Exploring and Controlling Diversity in LLM-Agent Conversation
KuanChao Chu, Yi-Pei Chen, Hideki Nakayama
TL;DR
This paper addresses controlling dialogue diversity in LLM-based multi-agent simulations by introducing Adaptive Prompt Pruning (APP), a removal-based method that modulates prompt content through a single knob $\lambda$ based on attention-derived unit scores. It reveals that prompt components—especially Memory—strongly constrain diversity and that high-attention content tends to suppress variation; APP can be combined with existing diversity techniques and a post-generation revision step to balance diversity with fidelity. Extensive experiments on GA and HA datasets with LLaMA-based backbones demonstrate that APP effectively increases diversity across settings, while the revision process reduces inconsistencies introduced by pruning. The work also highlights how prompt structure, block order, and parametric knowledge interact to shape diversity, offering practical guidance for constructing flexible, robust multi-agent simulations.
Abstract
Controlling diversity in LLM-agent simulations is essential for balancing stability in structured tasks with variability in open-ended interactions. However, we observe that dialogue diversity tends to degrade over long-term simulations. To explore the role of prompt design in this phenomenon, we modularized the utterance generation prompt and found that reducing contextual information leads to more diverse outputs.
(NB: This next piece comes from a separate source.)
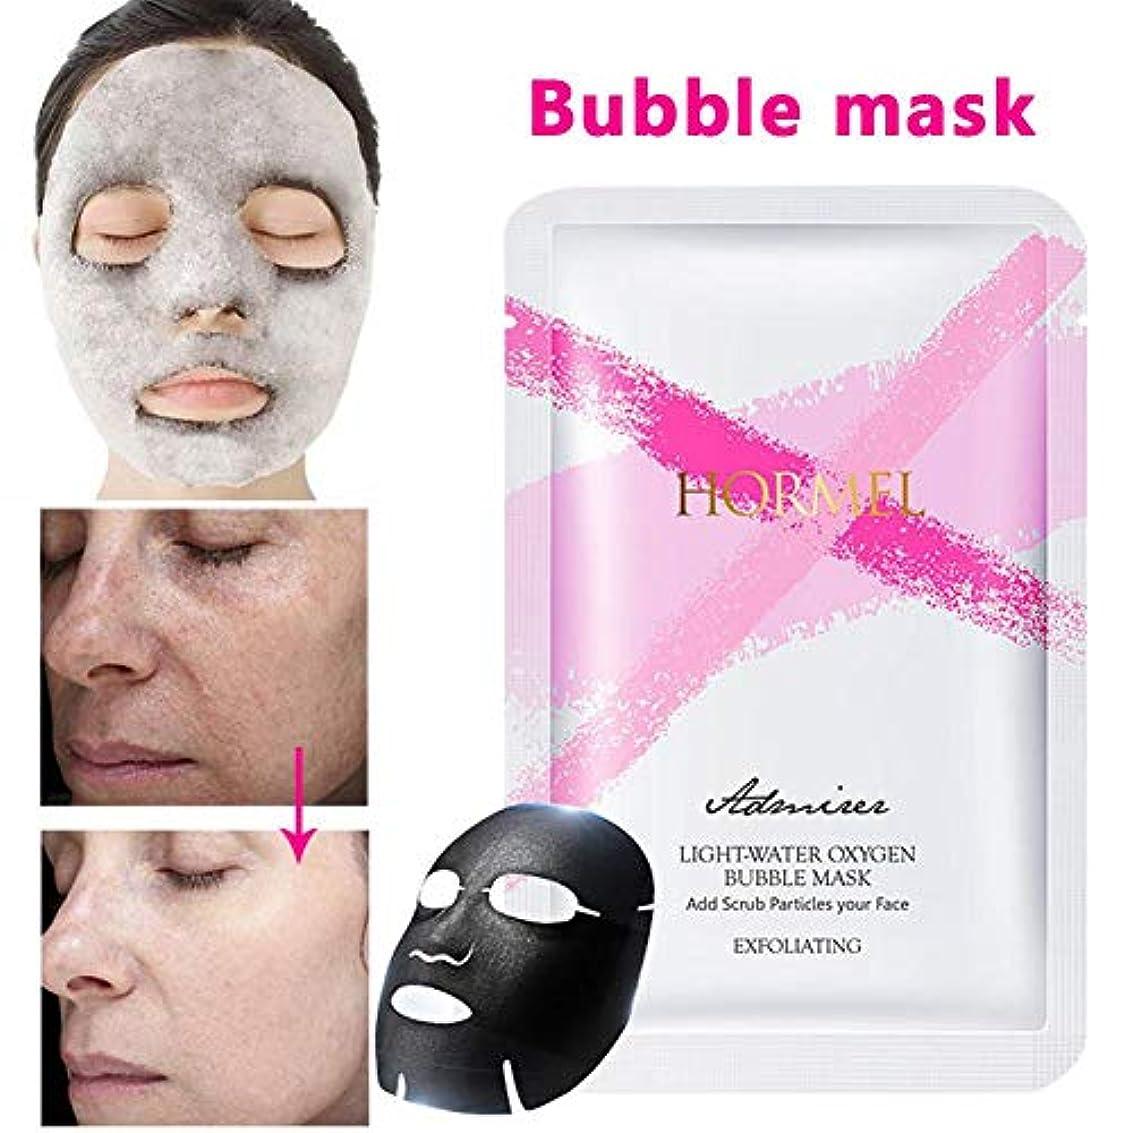 洗顔フォーム バブルマッドマスク パック たっぷり フィス ホワイト 洗顔 汚れを落とす 炭酸 マッド 40g バブル 泥パック 毛穴 汚れ スッキリ 黒ずみ

Based on this insight, we propose Adaptive Prompt Pruning (APP), a novel method that allows users to control diversity via a single parameter, lambda. APP dynamically prunes prompt segments based on attention scores and is compatible with existing diversity control methods. We demonstrate that APP effectively modulates diversity through extensive experiments and propose a method to balance the control trade-offs. Our analysis reveals that all prompt components impose constraints on diversity, with the Memory being the most influential. Additionally, high-attention contents consistently suppress output diversity.